List of split_depth of required data

Return type:

list of int

set_param(param)[source]

Check parameter dictionary.

Parameters:: param (dict, str, or None) – Input to set as a parameter dictionary.
Returns:: Parameter dictionary
Return type:: dict

run(sheet_name=None, indices=None)[source]

Run selected tasks.

Parameters:

sheet_name (str, optional) – Pipeline CSV file name without extension.
indices (list of int, optional) – Task indices to run.

load_obs_names(obs_names, reqs_address)[source]

Get observation names from saved files if obs_names is empty list.

Parameters:

obs_names (list) – Observation names. Empty list is required to execute this method.
reqs_address (list of tuple) – List of required address tuples. The first address is used to pick up observation names.

Returns:

List of observation names

Return type:

list of str

convert_indices(indices=None)[source]

Standardize the indices argument of run method.

Parameters:

indices (None or int or tuple or list) –

Task row indices to

None : run all rows.
int : run a row of selected directly.
list : run rows of selected directly.
tuple : run rows of selected by (start, end, step(optional)). tuple[1]==0 make select to the last row.

Returns:

Task row indices to run

Return type:

pandas.Int64Index

Examples

When index of self.df is reset:

>>> self.convert_indices()
self.df.index
>>> self.convert_indices(-1)
pd.Index([self.df.index[-1]])
>>> self.convert_indices([1, -1])
pd.Index([self.df.index[1], self.df.index[-1]])
>>> self.convert_indices(range(3))
self.df.index[:3]
>>> self.convert_indices((1, -1))
self.df.index[1:-1]
>>> self.convert_indices((1, 0, 2))
self.df.index[1::2]

run_one_data(class_name, reqs_split, reqs_address, obs_name, param, grp_name, ana_name, run_mode, address)[source]

Execute a task that is not split into multiple files.

Parameters:

class_name (str) – eval() executable class name string.
reqs_split (list) – List of split depth of each required data.
reqs_address (list of tuple) – List of required data address.
obs_name (list of str) – Observation names.
param (dict) – Parameter dictionary.
grp_name (str) – Group name.
ana_name (str) – Analysis name.
run_mode (int) – Run mode number. This should be 0 or 1.
address (tuple) – (group_no, analysis_no) of the result data.

run_one_data_multi_obs(class_name, reqs_split, reqs_address, obs_names, param, grp_name, ana_name, run_mode, address)[source]

Execute a task that is not split into multiple files.

The first element of obs_names is used to the result file name.

Parameters:

class_name (str) – eval() executable class name string.
reqs_split (list) – List of split depth of each required data.
reqs_address (list of tuple) – List of required data address.
obs_names (list of str) – Observation names.
param (dict) – Parameter dictionary.
grp_name (str) – Group name.
ana_name (str) – Analysis name.
run_mode (int) – Run mode number.
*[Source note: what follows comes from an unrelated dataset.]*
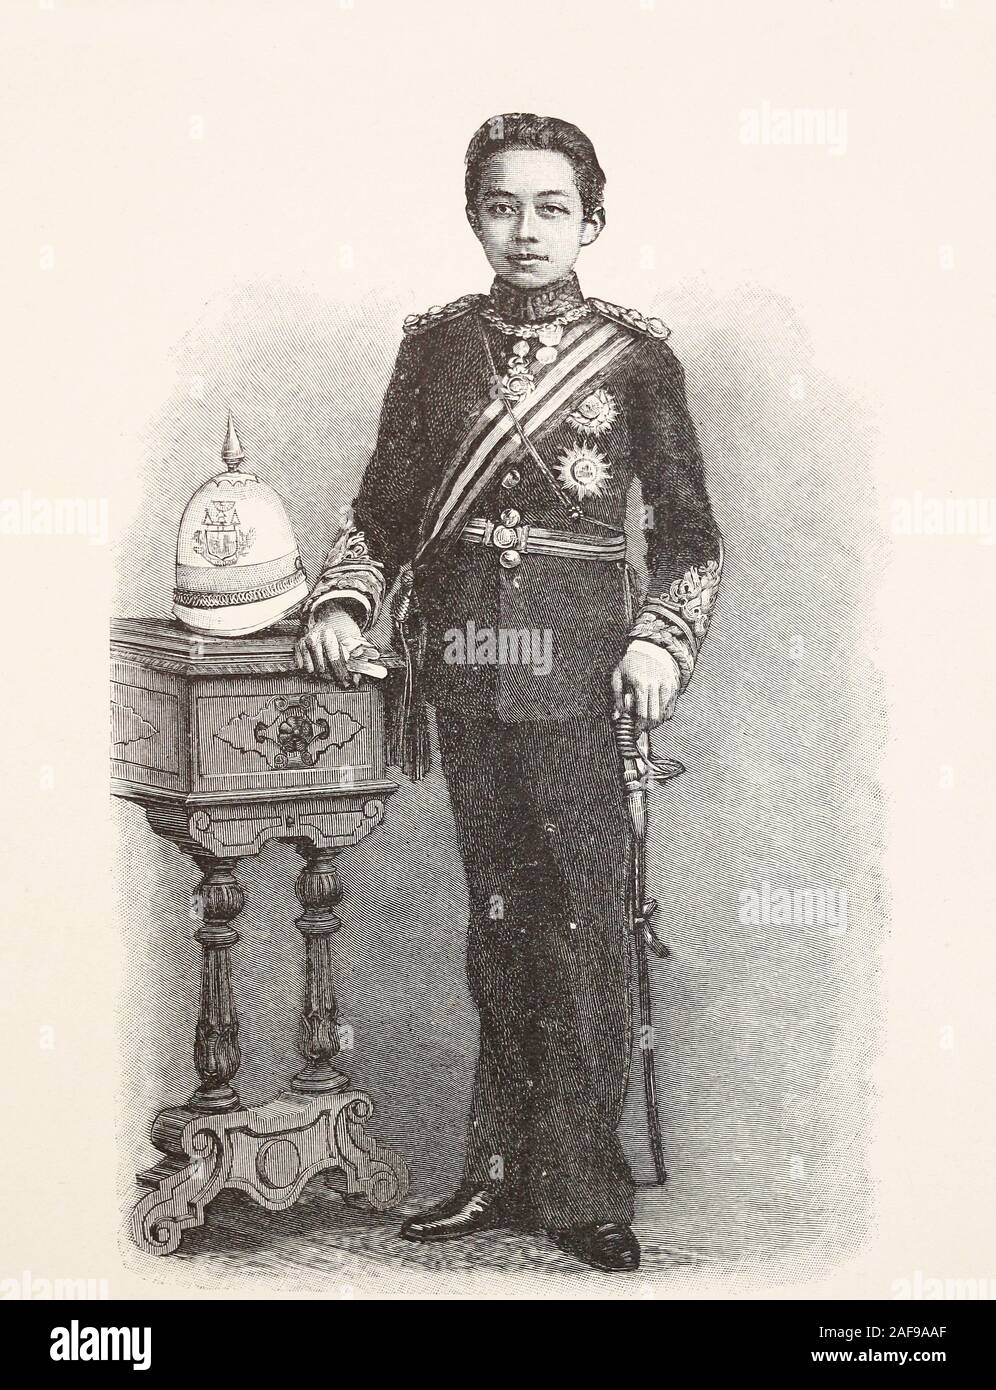 Il secondo figlio del re del Siam (Thailandia) Rama V Chulalongkorn (Crown Prince). Incisione della fine del XIX secolo. Foto Stock

This should be 0 or 1.
address (tuple) – (group_no, analysis_no) of the result data.

run_multi_data(class_name, reqs_split, reqs_address, obs_name, param, grp_name, ana_name, run_mode, address)[source]

Execute a task that is split into multiple files.

Parameters:

class_name (str) – eval() executable class_name string.
reqs_split (list) – List of split depth of each required data.
reqs_address (list of tuple) – List of required data address.
obs_name (list of str) – Observation names.
param (dict) – Parameter dictionary.
grp_name (str) – Group name.
ana_name (str) – Analysis name.
run_mode (int) – Run mode number. This should be 0 or 1.
address (tuple) – (group_no, analysis_no) of the result data.
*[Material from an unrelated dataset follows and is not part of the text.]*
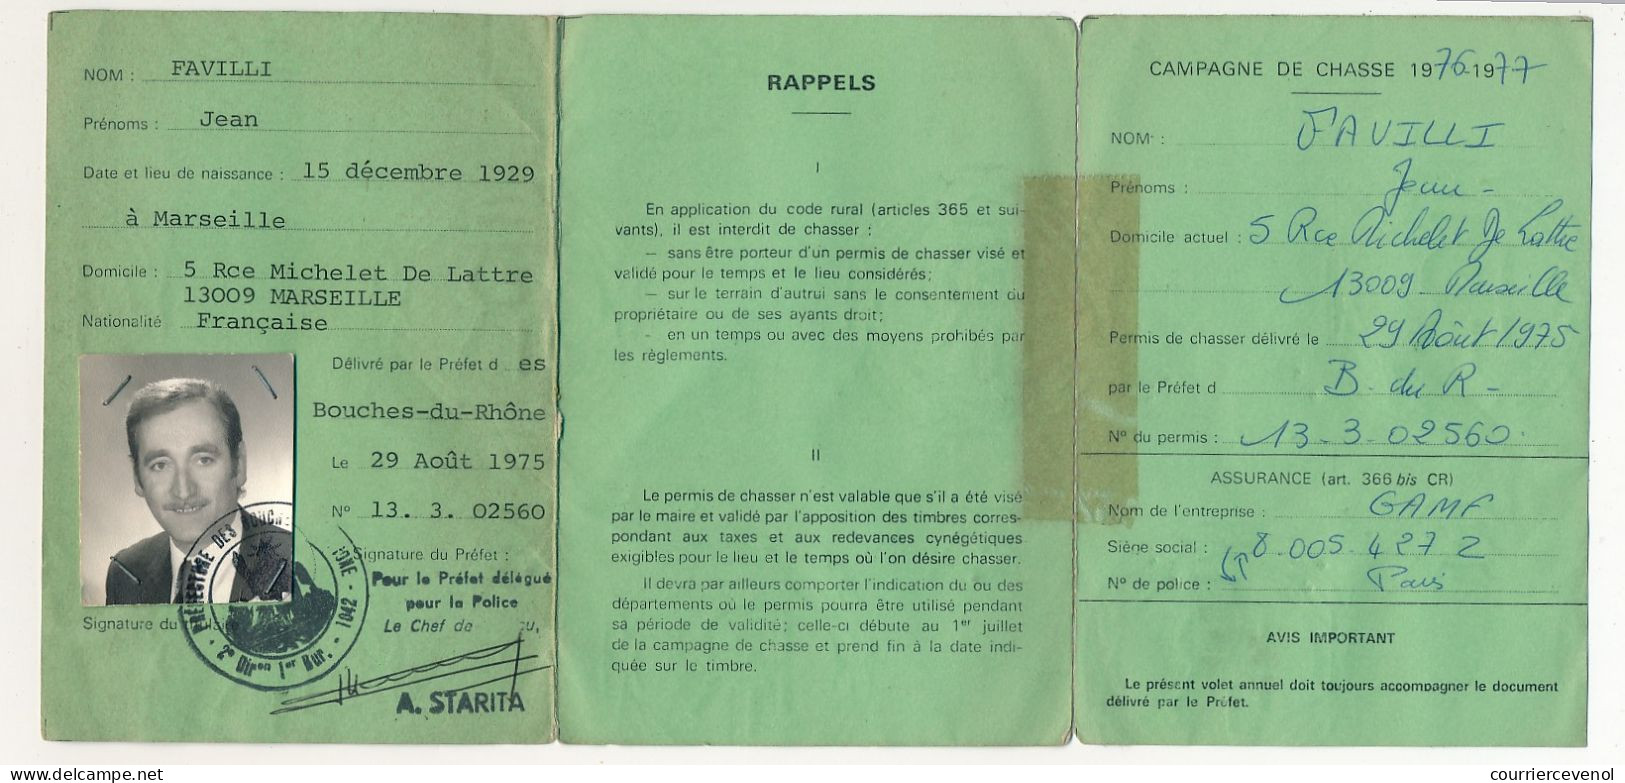 FRANCE - Permis De Chasser (Original Gratuit) - 2 Timbres Départementaux 1977 Et 1978, Ce Dernier Revêtu D'adhésif - Lettres & Documents

run_Obs2Depth(class_name, reqs_split, reqs_address, obs_names, param, grp_name, ana_name, run_mode, address)[source]

Merge different observations into one observation with depth.

Caution

Currently only run_mode=0 is supported.

Parameters:

class_name (str) – eval() executable class_name string.
reqs_split (list) – List of split depth of each required data.
reqs_address (list of tuple) – List of required data address.
obs_name (list of str) – Observation names.
param (dict) – Parameter dictionary.
grp_name (str) – Group name.
ana_name (str) – Analysis name.
run_mode (int) – Run mode number. This should be 0 or 1.
address (tuple) – (group_no, analysis_no) of the result data.
param – Parameter dictionary. This should have the below item.
param["obs_name"] (str) – Newly created observation name.

run_delete(reqs_address, obs_names, param)[source]

Delete selected data.

Parameters:

reqs_address (list of tuple) – List of (group name, analysis name) to delete.
obs_names (list of str) – Observation names to delete.
param (dict, optional) – Parameter dictionary. param would have the below item.
param["keep"] (str, optional) –
Defines delete type.
- info : Not delete information files.
- folder : Delete the information files but not the folder itself.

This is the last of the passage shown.